Basically I wanted to save the data as .csv file, so I entered
> write.csv(out$hits$hits,'out.csv')
Error in data.frame(text = "u had one job artemis\none", lang = "EN", : arguments imply differing number of rows: 1, 0
I assumed that it is necessary to convert it to an data.frame, so I tried:
> df <- ldply (out, data.frame)
Error in data.frame(text = "u had one job artemis\none", lang = "EN", :
arguments imply differing number of rows: 1, 0
(I tried several other, optimistc, attempts too like this one:)
> t(sapply(out$hits$hits, '[', 1:max(sapply(out$hits$hits, length))))

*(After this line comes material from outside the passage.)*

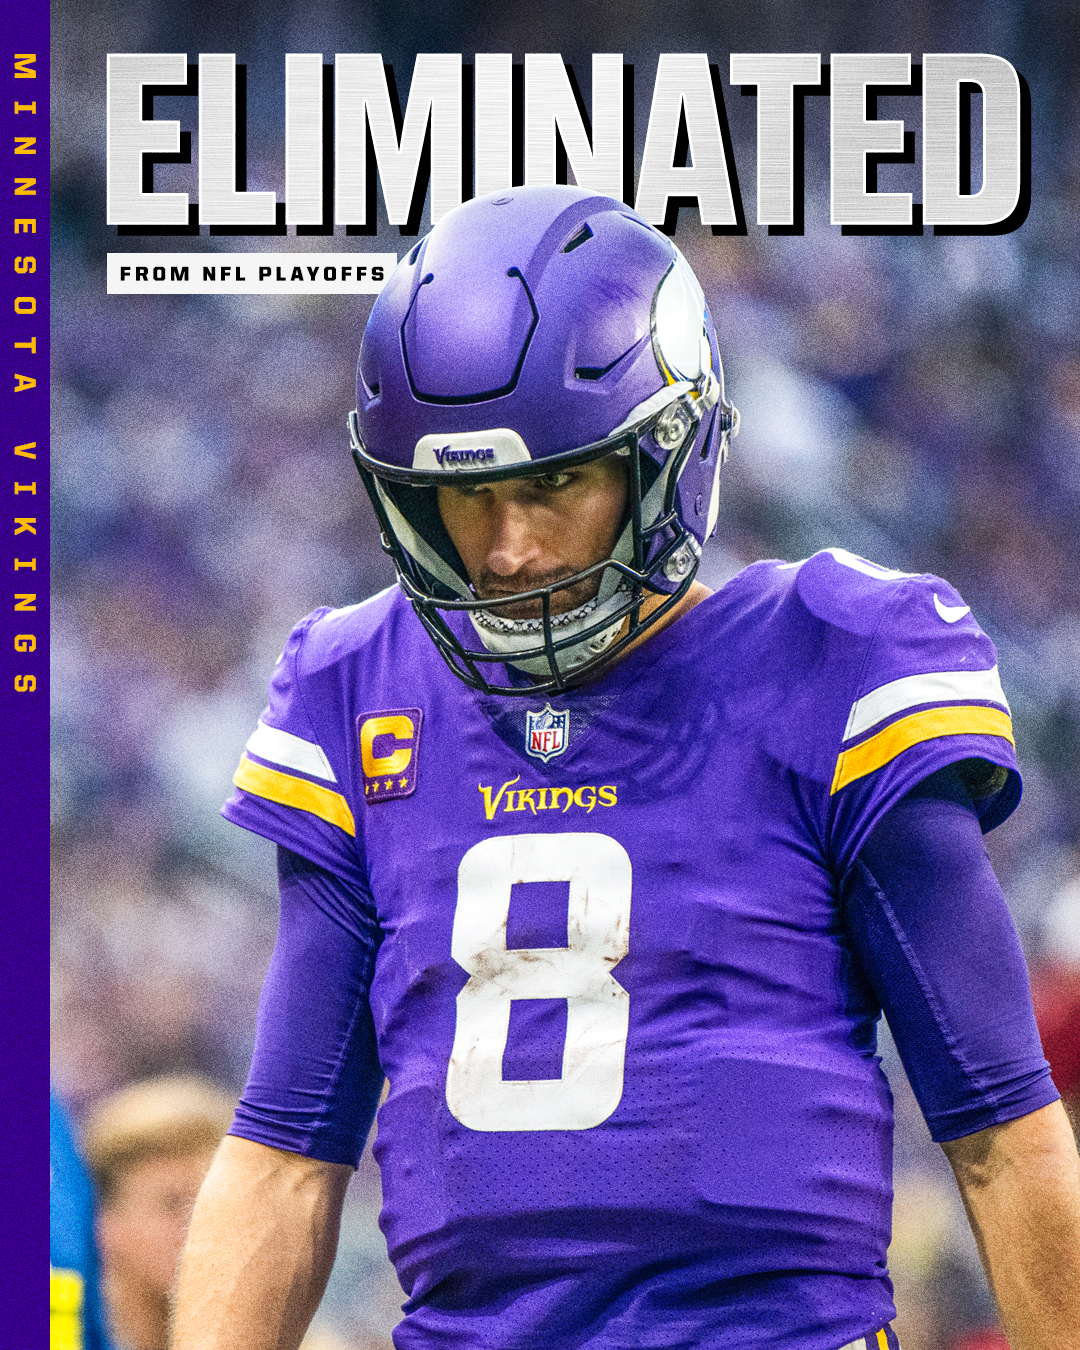 SportsCenter on X: 'The Vikings have been eliminated from the

_index _type _id _version _score _source
[1,] "twitter_all_geo-2014-11-01" "ctweet" "ubicity-twitter-160f0964-6fc7-43ef-af2a-0e1b8c8184c7" 1 2.10757 List,5
[2,] "twitter_all_geo-2014-11-01" "ctweet" "ubicity-twitter-ba071fff-cafb-4d3f-947d-13c934905c1b" 1 2.10757 List,5
[3,] "twitter_all_geo-2014-11-01" "ctweet" "ubicity-twitter-dd64af32-4d59-4008-a3db-74471ad269d1" 1 2.10757 List,5
[4,] "twitter_all_geo-2014-11-01" "ctweet" "ubicity-twitter-4ba0d3d0-642d-4f9f-aaf9-c55929c35dc4" 1 2.10757 List,5
[5,] "twitter_all_geo-2014-11-01" "ctweet" "ubicity-twitter-d7b8cbbc-87b3-44b5-8c9c-91c7b62f1458" 1 2.10757 List,5
[6,] "twitter_all_geo-2014-11-01" "ctweet" "ubicity-twitter-76353a7c-44c9-4863-a59d-adb16716ca18" 1 2.10757 List,5
[7,] "twitter_all_geo-2014-11-01" "ctweet" "ubicity-twitter-2aec0798-9918-4b66-9b2a-ef5a4d1f3711" 1 2.10757 List,5
[8,] "twitter_all_geo-2014-11-01" "ctweet" "ubicity-twitter-c9e7637d-358a-40ee-a06c-85af04c22191" 1 2.10757 List,5
[9,] "twitter_all_geo-2014-11-01" "ctweet" "ubicity-twitter-8928c1ef-f46a-4682-99c4-4dbc55270b03" 1 2.10757 List,5
[10,] "twitter_all_geo-2014-11-01" "ctweet" "ubicity-twitter-d6b19975-b310-46c4-af11-af56971b7c4b" 1 2.10757 List,5
And in the beginning it looked good, but the actual tweet message isn't anymore in the matrix
I was optimistic and thought maybe convert it first (back) to JSON (using RJSON)
toJSON(out)
Error in toJSON(out) : unable to escape string. String is not utf8
At the end I have a list and can not save, can not convert to JSON, data.frame or data.table (because it is not uniform). Does anyone can give me an hint on a) convert it to JSON or on how to save the list to a .csv file or to put it in a data.frame?
Thanks a lot, I think I don't understand it.
-Tobias
I think unlist() and matrix() can do the job.
An example converting the Search()-return out into data frame:
# get the first 3 hits from elasticsearch store
out <- Search(index="shakespeare", size=3)
# (optional) verify that all hits expand to the same length
# (should be true for data intended to be in a table format)
stopifnot(
sapply(
out$hits$hits,
function(x) {!(length(unlist(x)) - length(unlist(out$hits$hits[[1]])))}
)
)
# count number of columns, use unlist() to convert
# nested lists to a vector, use the first hit as proxy
nColumns <- length(unlist(out$hits$hits[[1]]))
# fetch column names ... as above
nNames <- names(unlist(out$hits$hits[[1]]))
# unlist all hits and convert to matrix with ncol Columns, don't forget byrow=TRUE!
df <- data.frame(matrix(unlist(out$hits$hits), ncol=nColumns, byrow=TRUE))
# setting the column names
names(df) <- nNames
# do whatever you want with df
print(df)
Cheers!
you can use "jqr" package in R. For eg:-
datacsv<-jq(out,".hits.hits[] | #csv")
It will save your data into csv format and with the help of "jqr" you can also grep the fields that you want.